◆ SUPPLIED INFORMATION
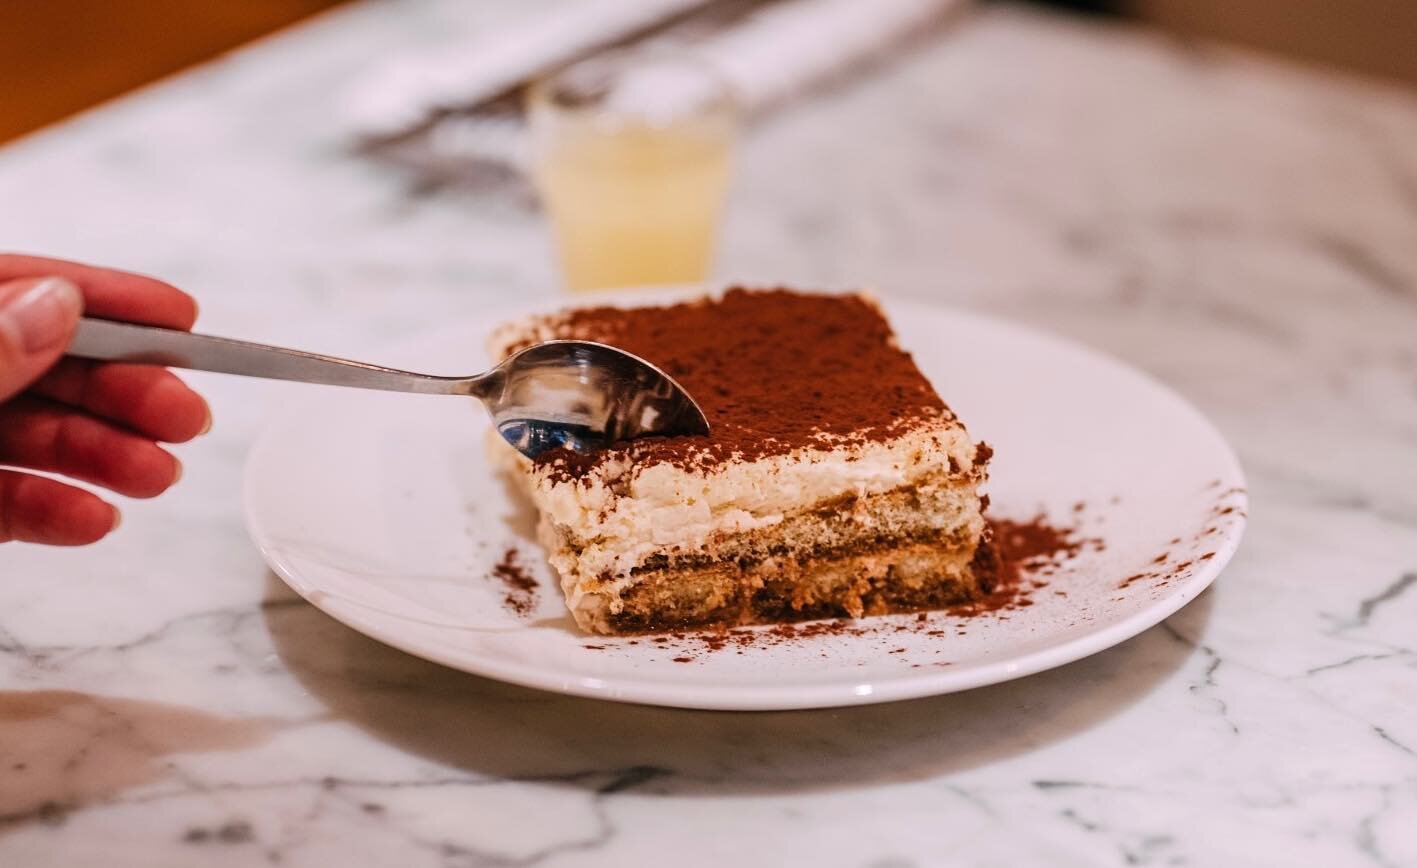 Our all time favorite... TIRAMISU!!!
Is it dinnertime yet? 🤤✨
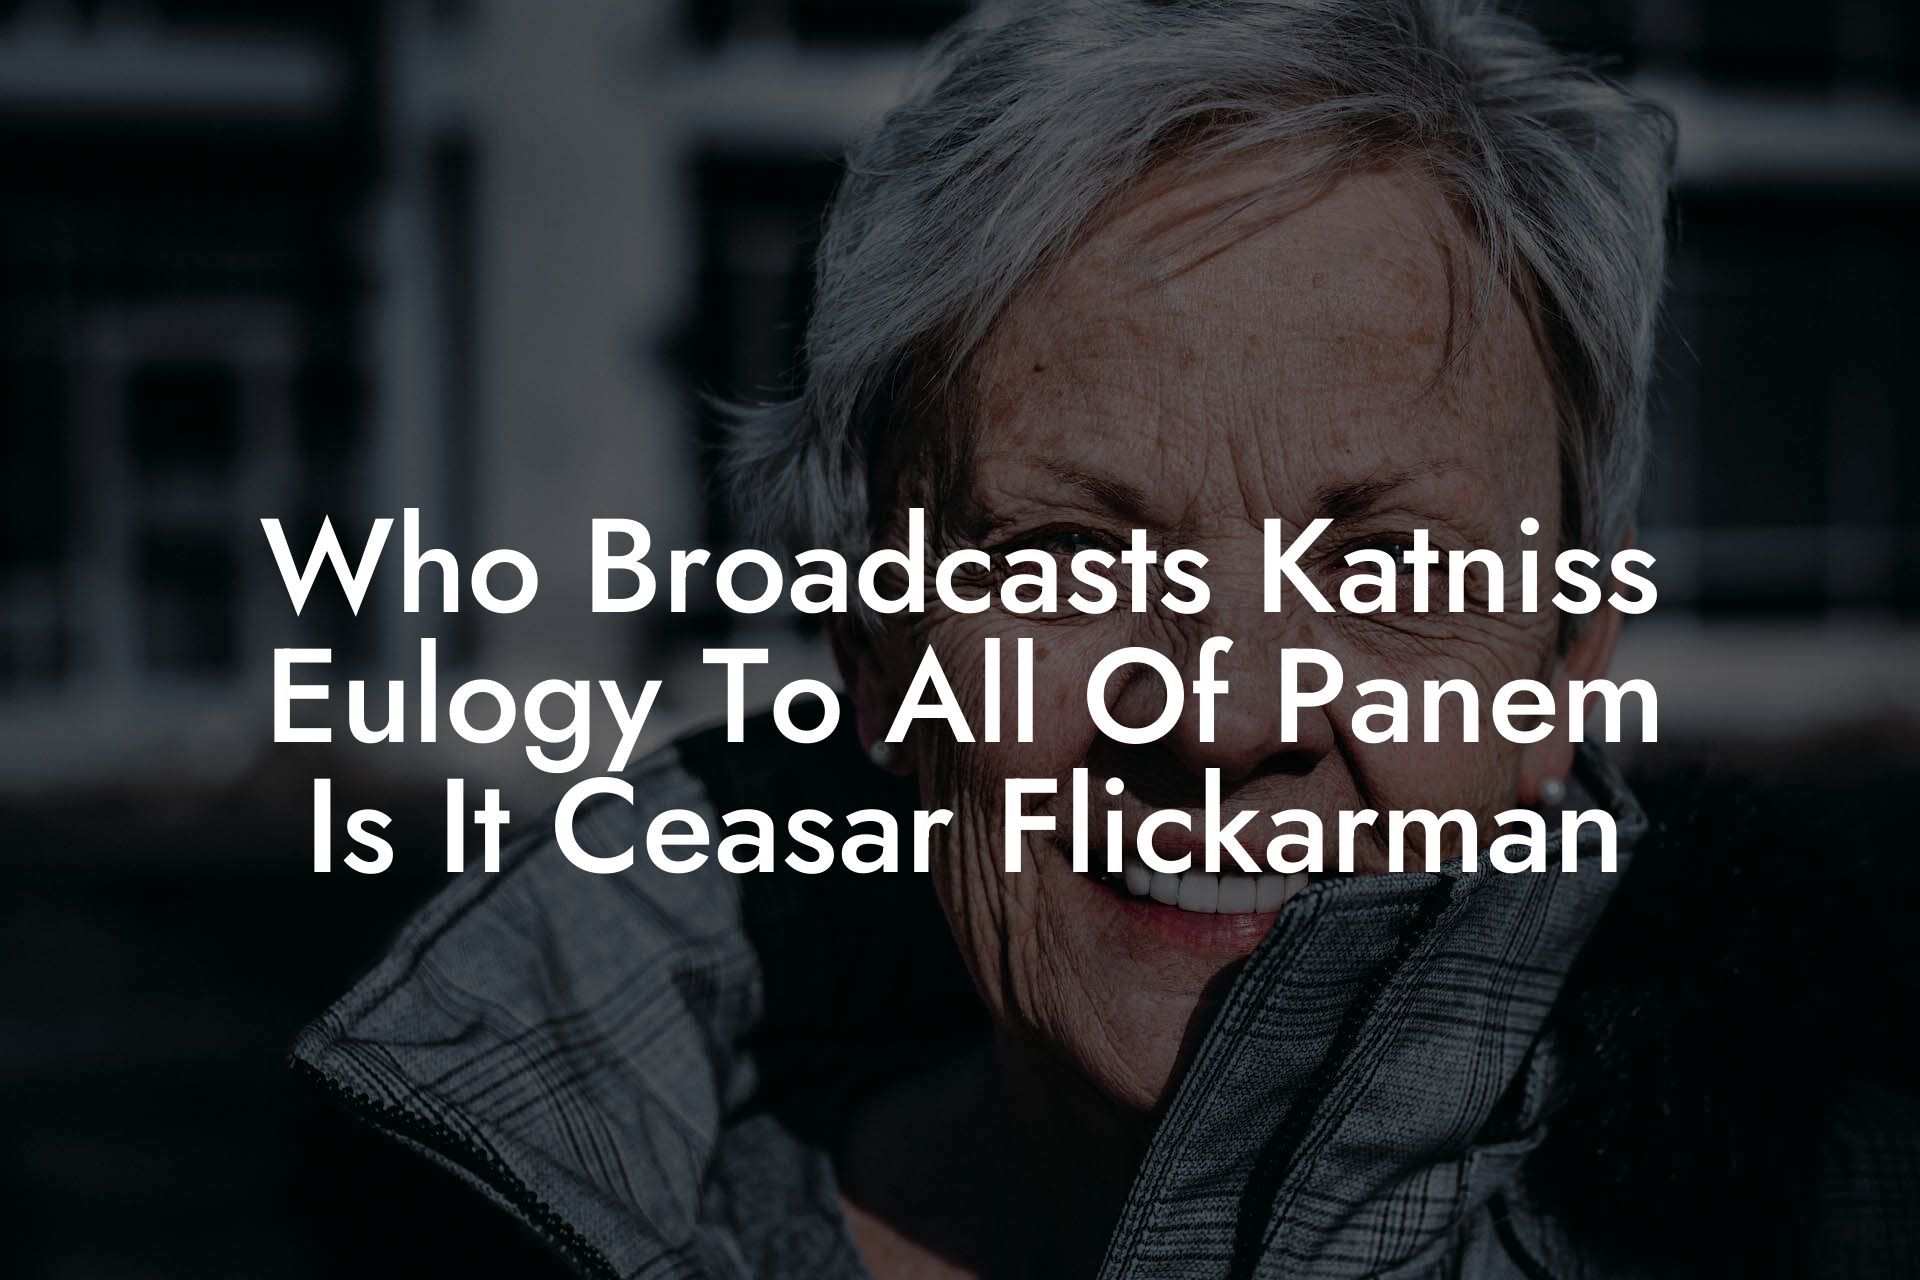 Who Broadcasts Katniss Eulogy To All Of Panem Is It Ceasar Flickarman
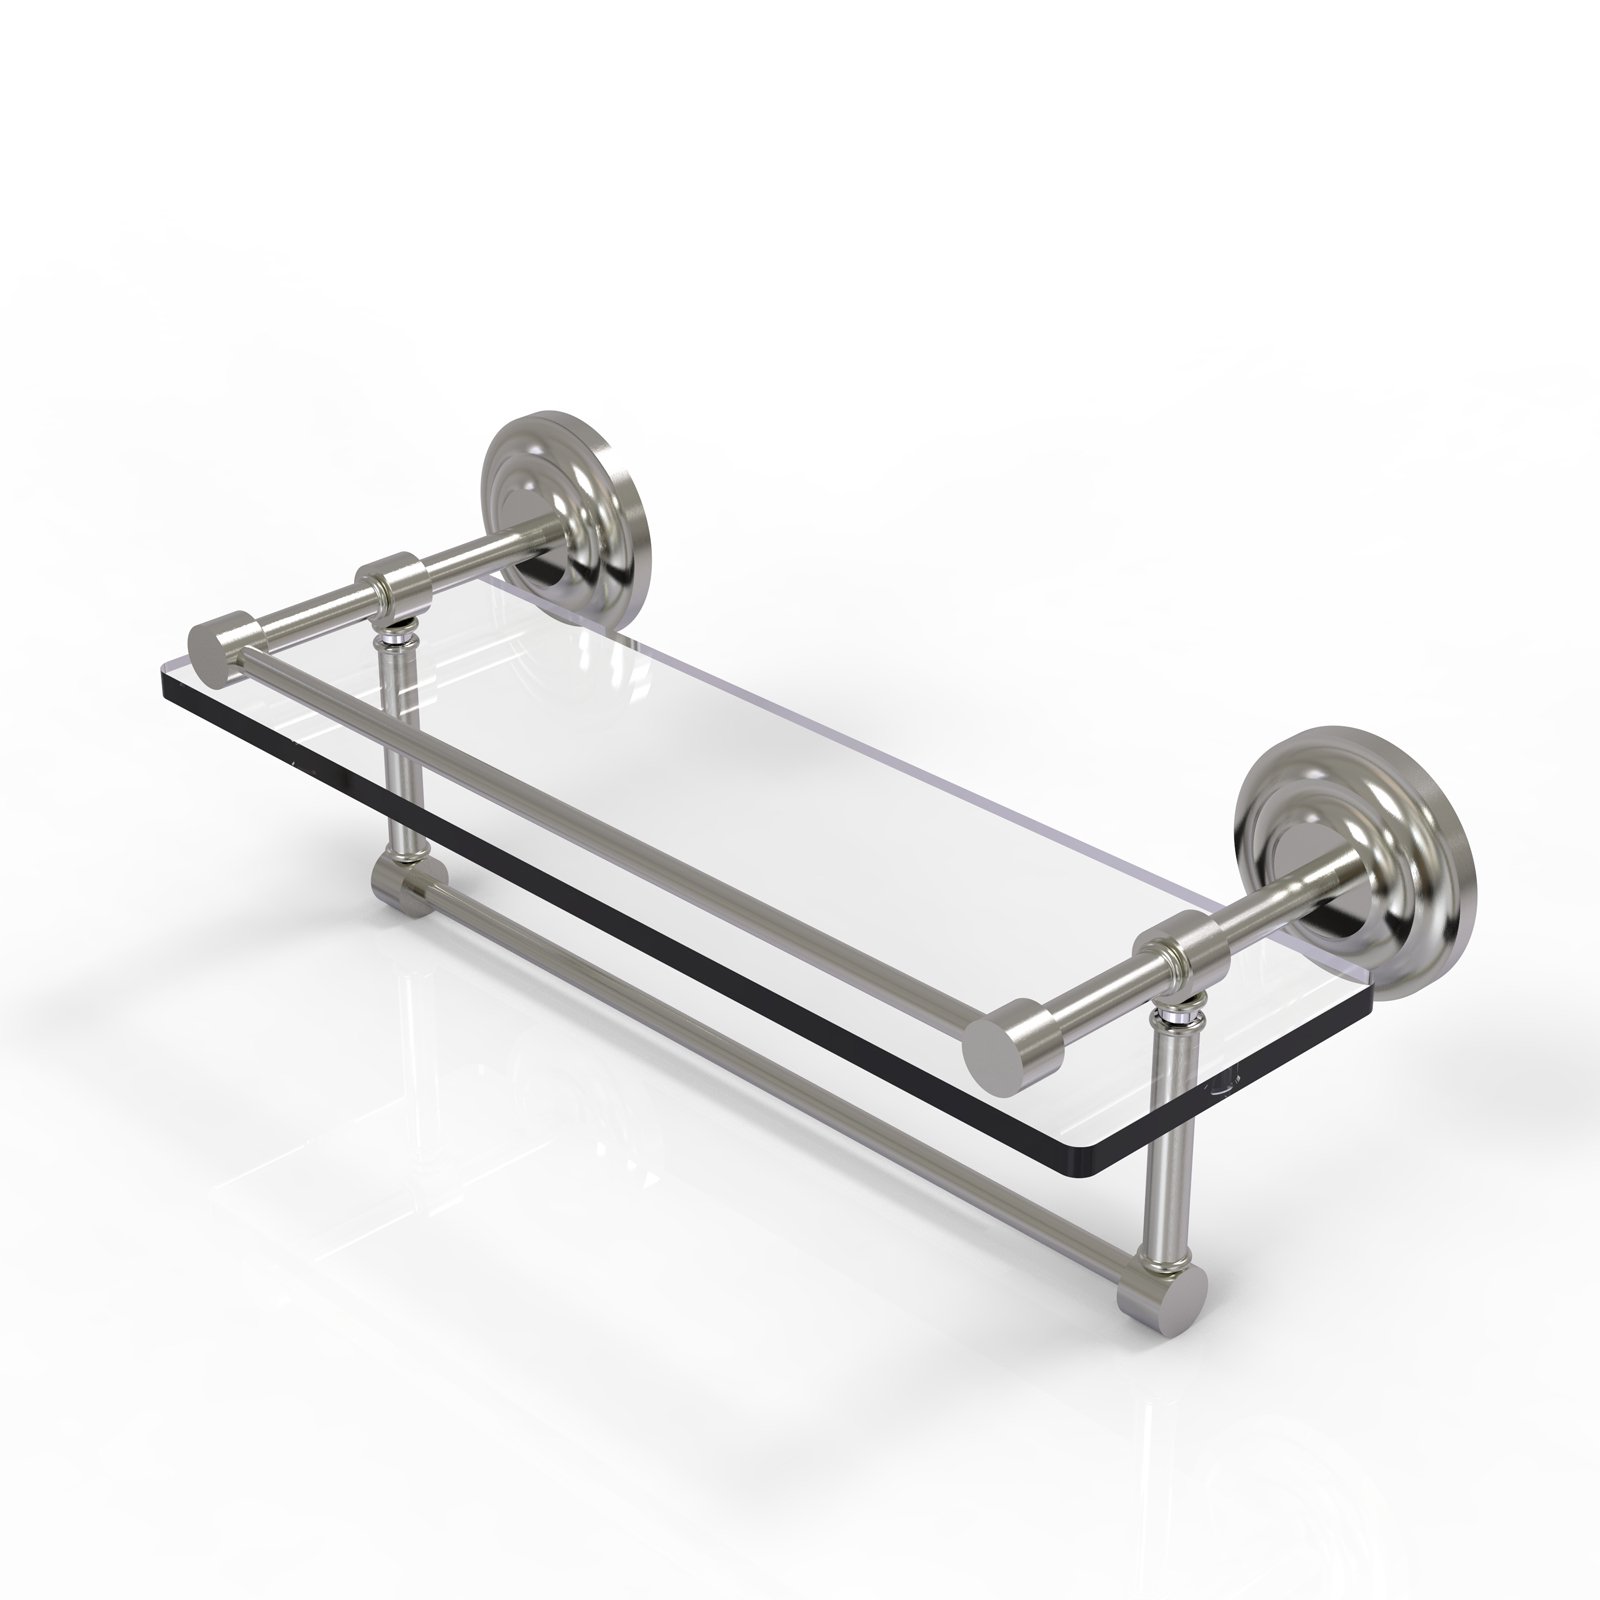 22-in Gallery Glass Shelf with Towel Bar in Antique Bronze - image 2 of 2

◆ TASK GOAL
Reproduce the data word for word, excluding its pictures.

◆ EXERCISE ANSWER
 Our all time favorite... TIRAMISU!!!
Is it dinnertime yet? 🤤✨
 Who Broadcasts Katniss Eulogy To All Of Panem Is It Ceasar Flickarman
 22-in Gallery Glass Shelf with Towel Bar in Antique Bronze - image 2 of 2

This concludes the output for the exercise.